The barren plateau problem in quantum neural networks (QNNs) is a significant challenge that hinders the practical success of QNNs. In this paper, we introduce residual quantum neural networks (ResQNets) as a solution to address this problem. ResQNets are inspired by classical residual neural networks and involve splitting the conventional QNN architecture into multiple quantum nodes, each containing its own parameterized quantum circuit, and introducing residual connections between these nodes.

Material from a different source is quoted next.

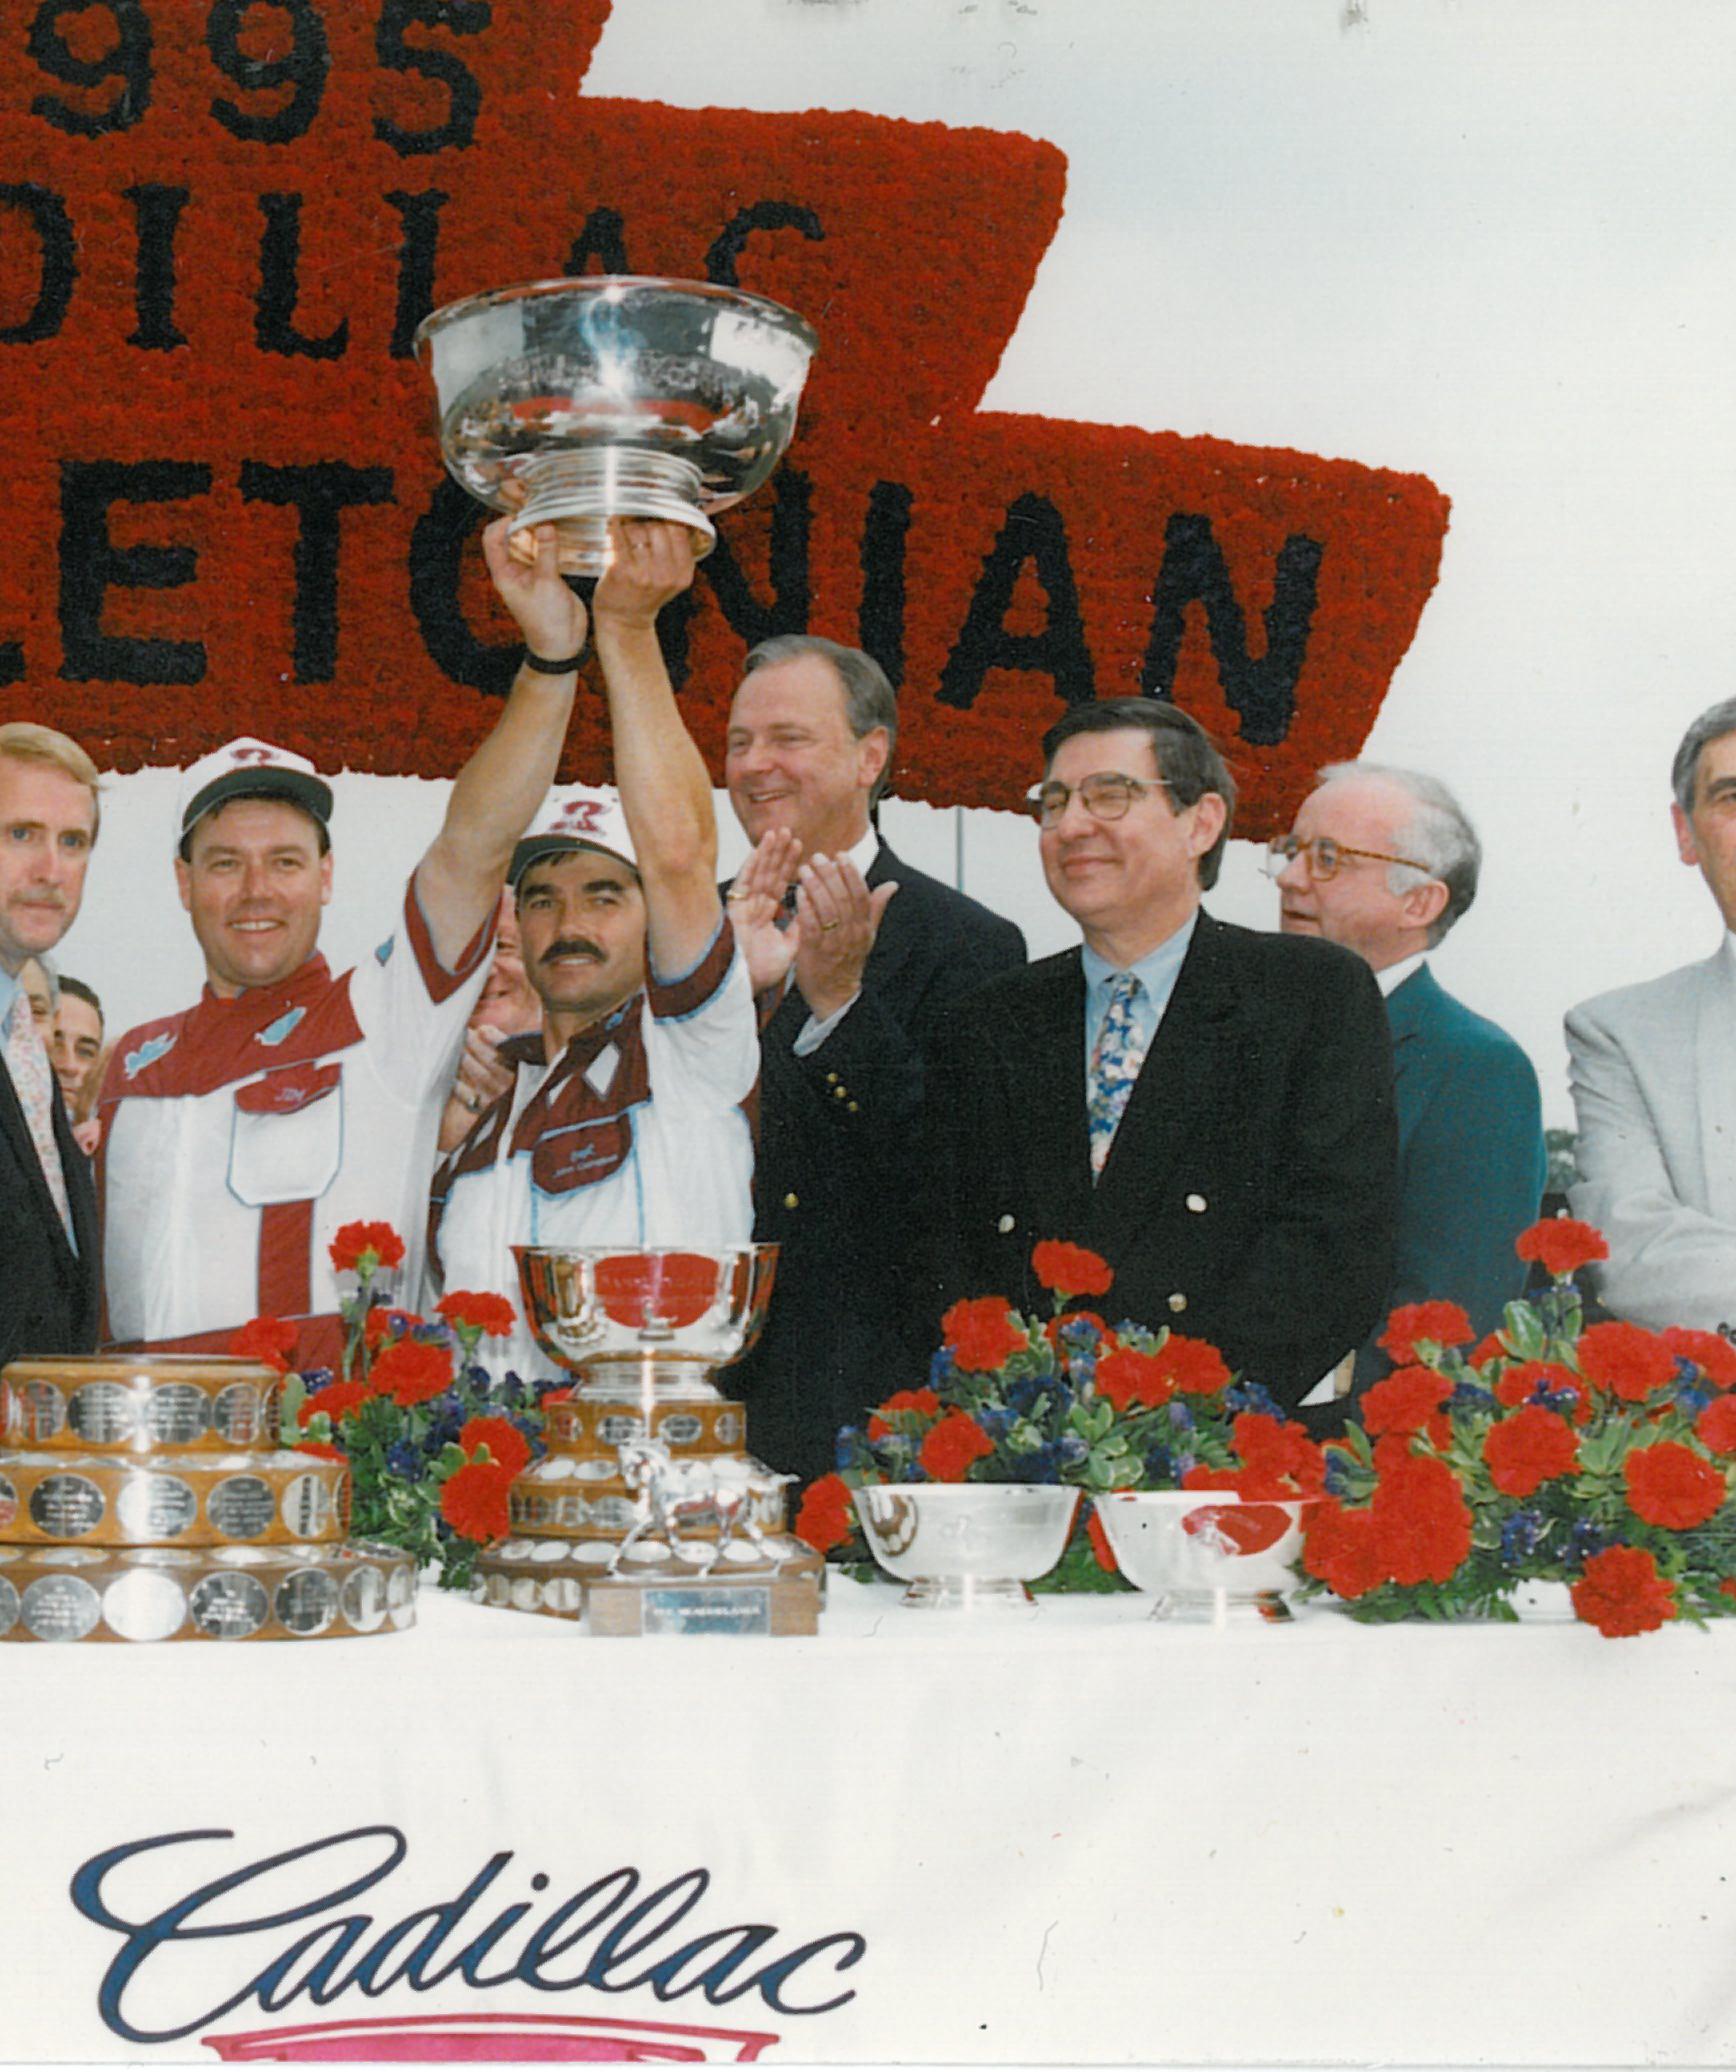 1995 Hambletonian Winners Circle.jpg

Our study demonstrates the efficacy of ResQNets by comparing their performance with that of conventional QNNs and plain quantum neural networks through multiple training experiments and analyzing the cost function landscapes. Our results show that the incorporation of residual connections results in improved training performance. Therefore, we conclude that ResQNets offer a promising solution to overcome the barren plateau problem in QNNs and provide a potential direction for future research in the field of quantum machine learning.

中文翻译：

---

ResQNets：一种缓解量子神经网络贫瘠高原的残差方法

量子神经网络（QNN）中的贫瘠高原问题是阻碍 QNN 实际成功的重大挑战。在本文中，我们引入残差量子神经网络（ResQNets）作为解决该问题的解决方案。ResQNet 受到经典残差神经网络的启发，涉及将传统 QNN 架构拆分为多个量子节点，每个节点包含自己的参数化量子电路，并在这些节点之间引入残差连接。我们的研究通过多次训练实验并分析成本函数景观，将 ResQNet 的性能与传统 QNN 和普通量子神经网络的性能进行比较，证明了 ResQNet 的有效性。我们的结果表明，残差连接的结合可以提高训练性能。因此，我们得出的结论是，ResQNets 为克服 QNN 中的贫瘠高原问题提供了一个有前途的解决方案，并为量子机器学习领域的未来研究提供了潜在的方向。